Cell viability of KB cells after preincubation with different TTP-loaded NPs for the indicated times and subsequent irradiation with visible light (338 kJ/m2). (A) AcDex(TPP) and SpAcDex(TPP) NPs. (B) SpAcDex(TPP) NPs with and without competition of 1 mM FA. (C) SpAcDex(TPP)-FA NPs with and without competition of 1 mM FA. Data in (A) are means of 2, and data in (B,C) are of 3-6 independent experiments + SD. AcDex(TPP) NPs show no phototoxic effects, whereas SpAcDex(TPP) NPs are highly phototoxic. SpAcDex(TPP)-FA NPs are somewhat less phototoxic, but their photoxicity—in contrast to that of SpAcDex(TPP) NPs—is strongly reduced when the preincubation was carried out in the presence of 1 mM FA.

4. Conclusions

Our data indicates that it is possible to successfully encapsulate the photosensitizer TPP in biocompatible and biodegradable SpAcDex nanoparticles. The particle system stabilizes the hydrophobic drug and therefore minimizes the uncontrolled aggregation and precipitation under physiological conditions in therapeutic applications. Only under slightly acidic conditions, as can be found in endosomes and lysosomes, the acetals of the particle material are hydrolyzed, and the payload is released inside of the targeted cells. Therefore, no unspecific phototoxicity should be expected.
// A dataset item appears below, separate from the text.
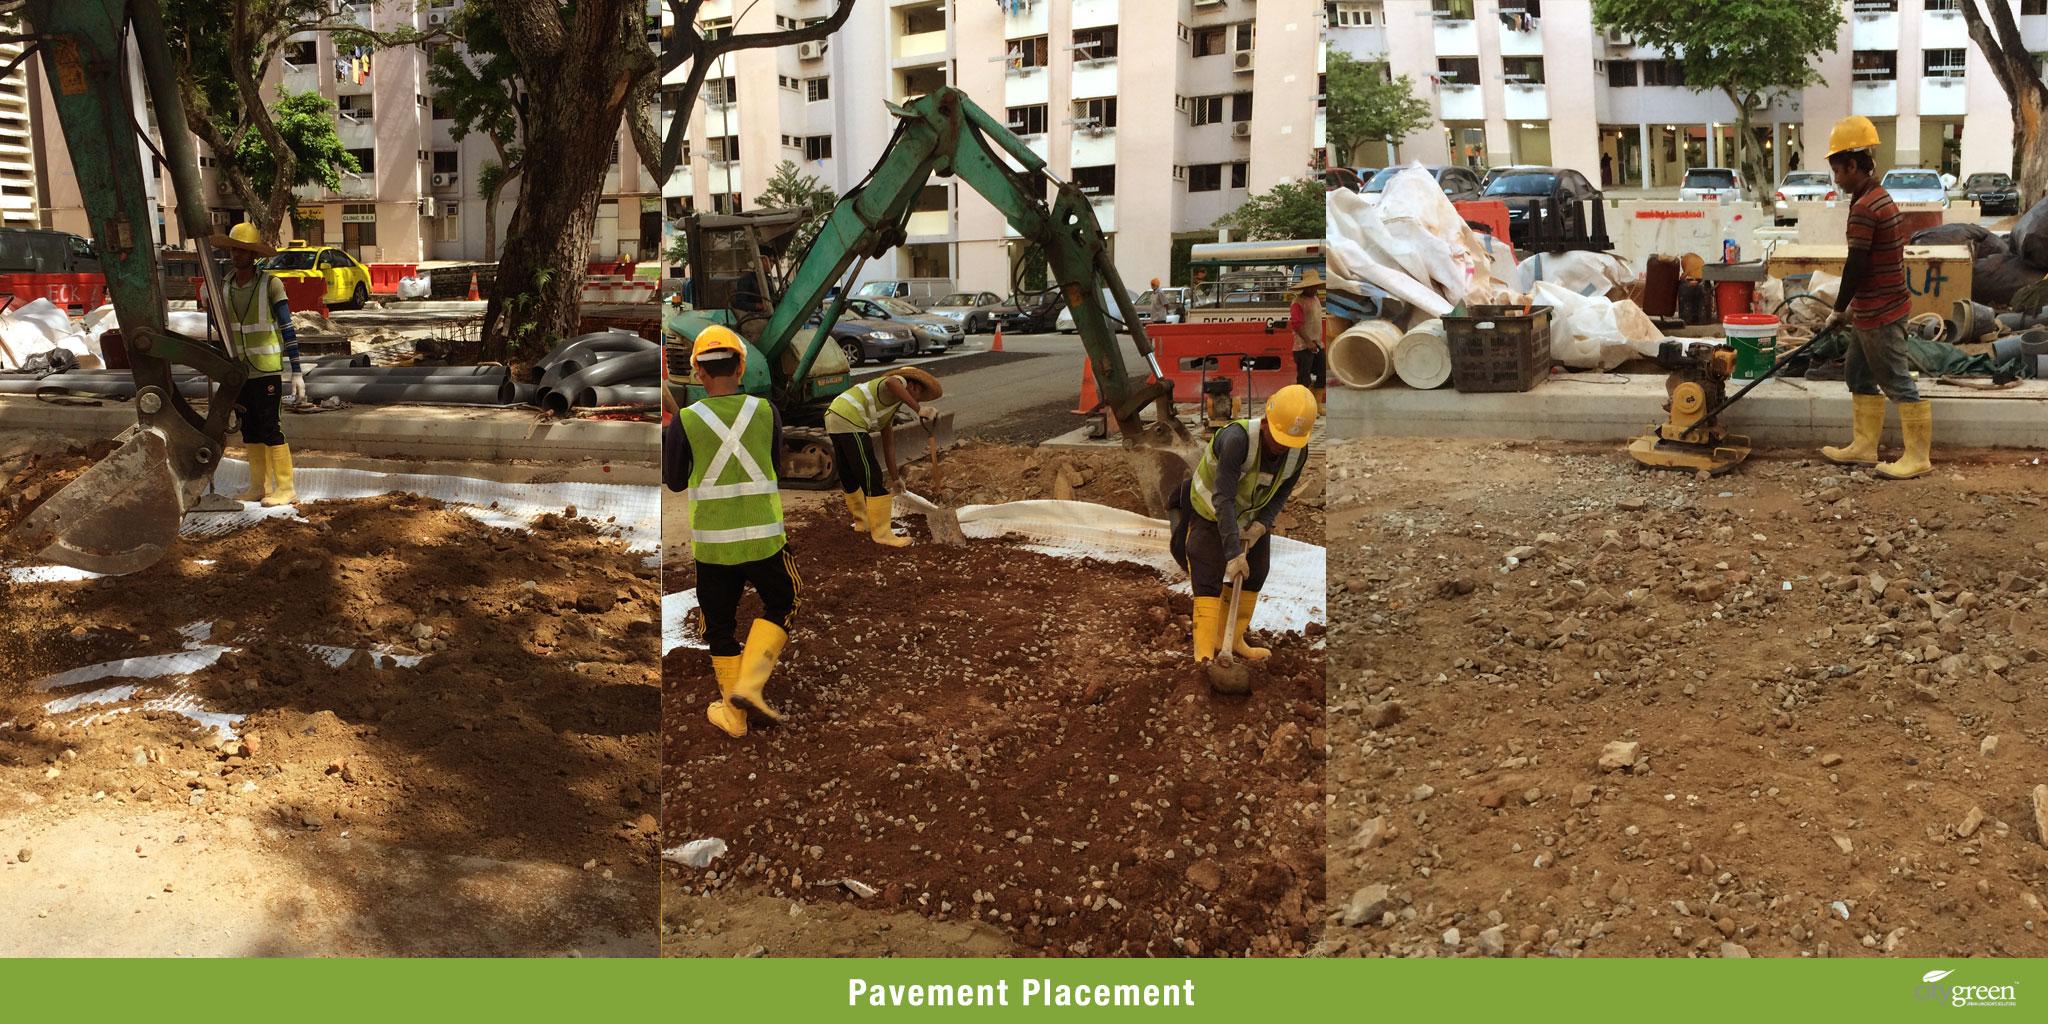 Pavement-Placement
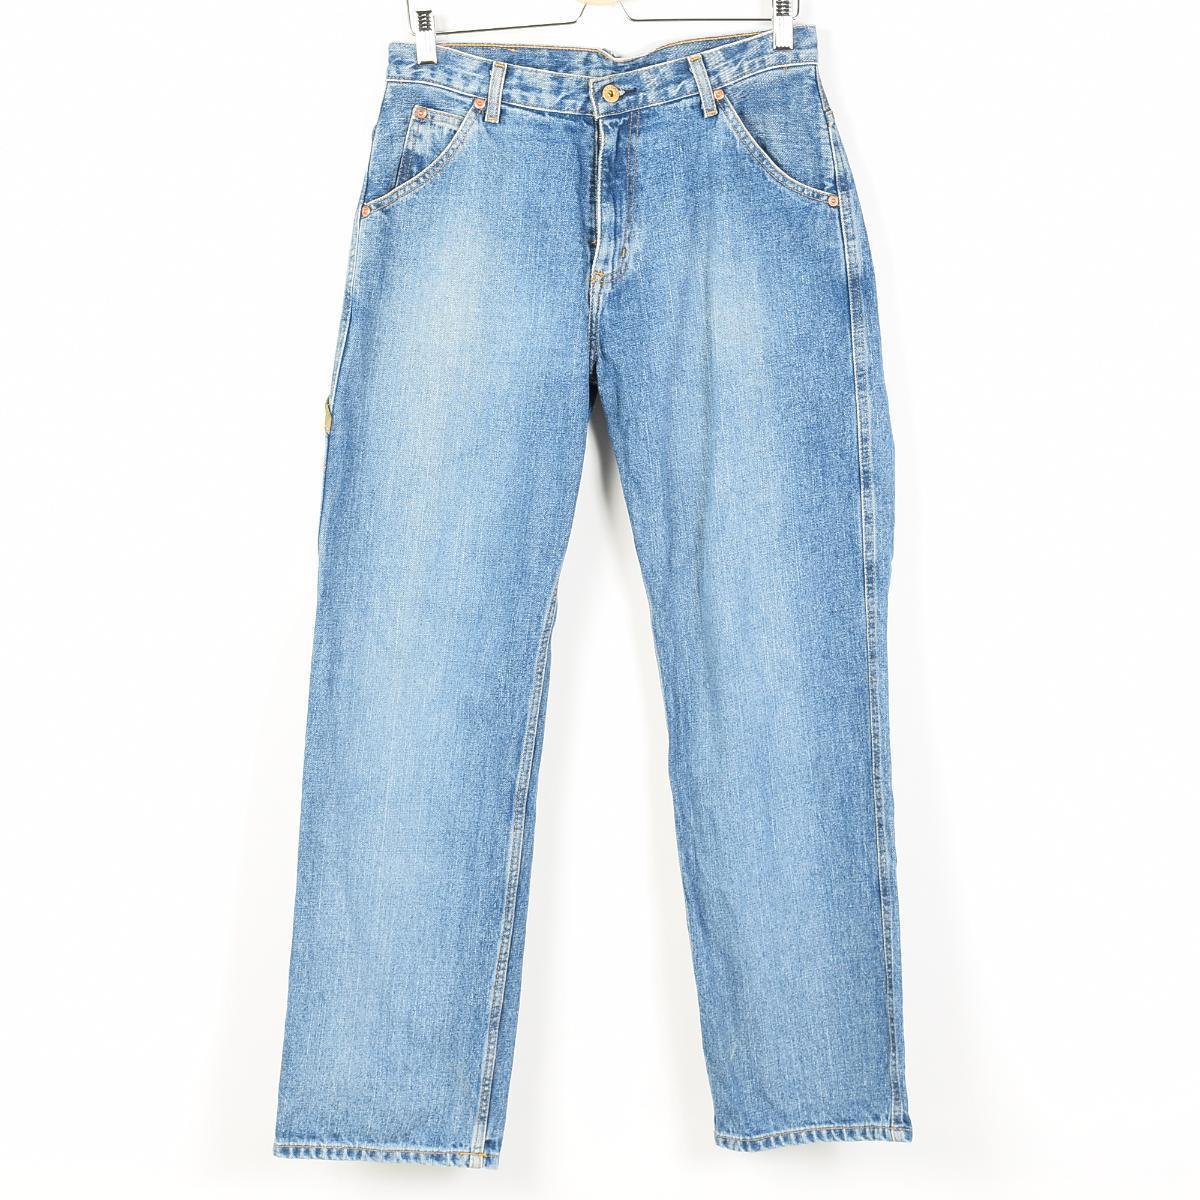 Mens Jeans 29 X 29

The findings extend the areas of possible applications in photodynamic therapy beyond local irradiation. We were able to show that NPs with FA on the surface are taken up by cells through FRα-mediated endocytosis. This specific uptake can potentially be exploited for the selective elimination of cancer cells with FRα overexpression, reducing the overall side effects of radiation. This active targeting of our nanoparticles can further benefit from the overall higher passive accumulation in tumor tissue due to the EPR effect [22,23].
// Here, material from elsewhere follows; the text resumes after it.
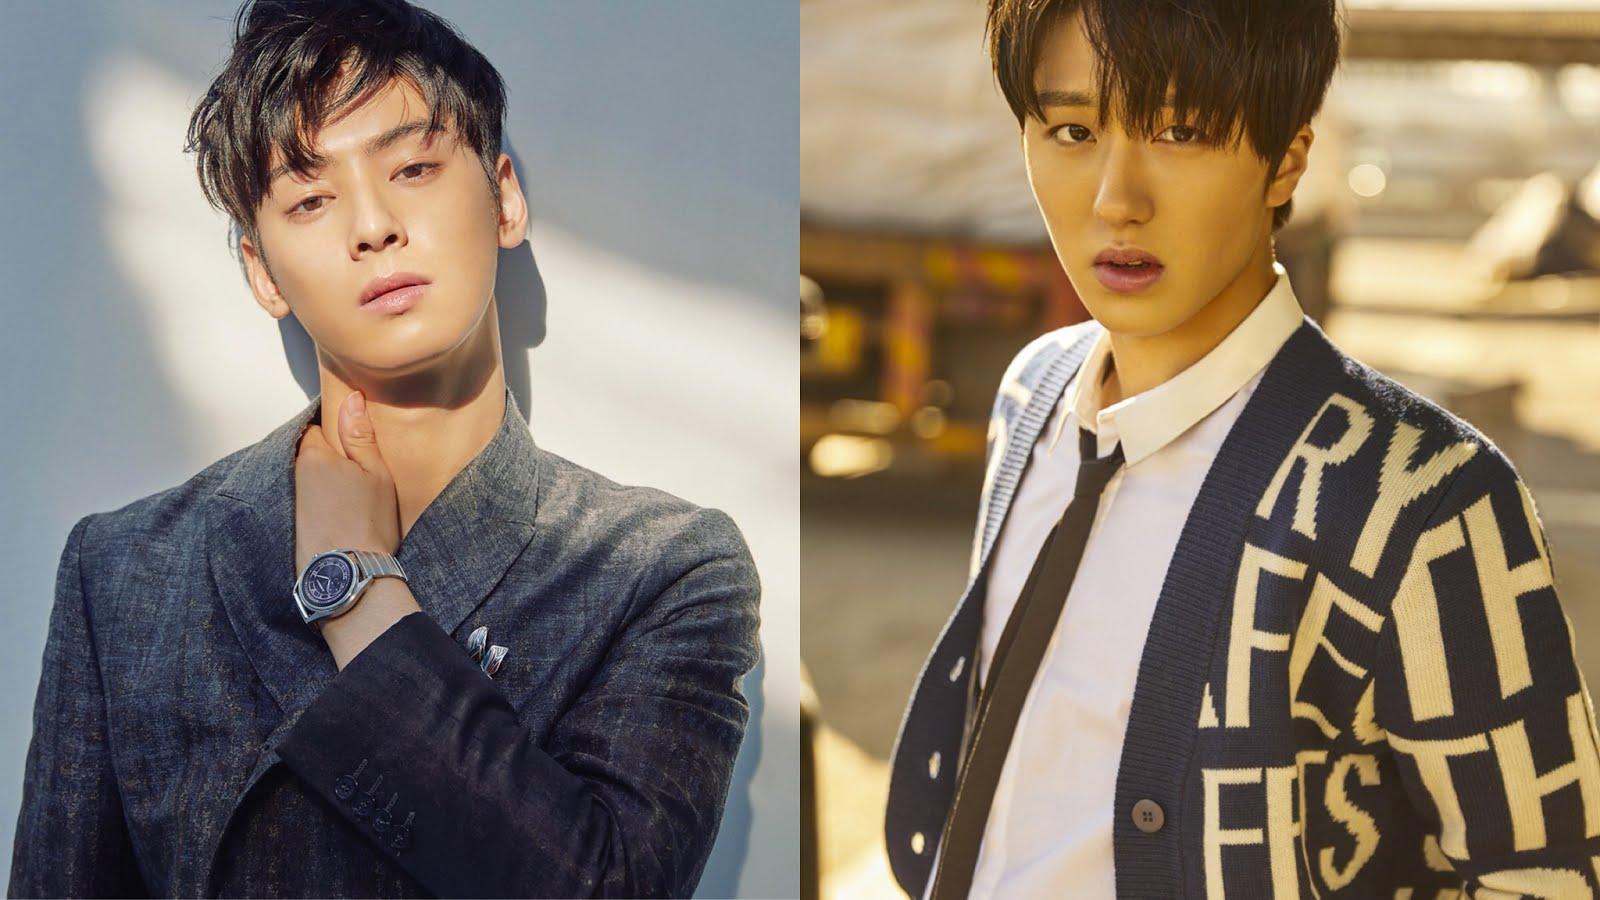 Cha Eun Woo and Chan Hee to appear on 'Baek Jong Won's Alley

The high phototoxic potential needs to be verified for in vivo conditions. For these experiments, NPs with a PEG-layer and FA attached on the surface should be favorable because of the longer circulation time based on the PEG induced stealth effect. This should increase the contribution of the EPR effect and the active targeting, resulting in therapeutic NPs with low side effects in photodynamic chemotherapy.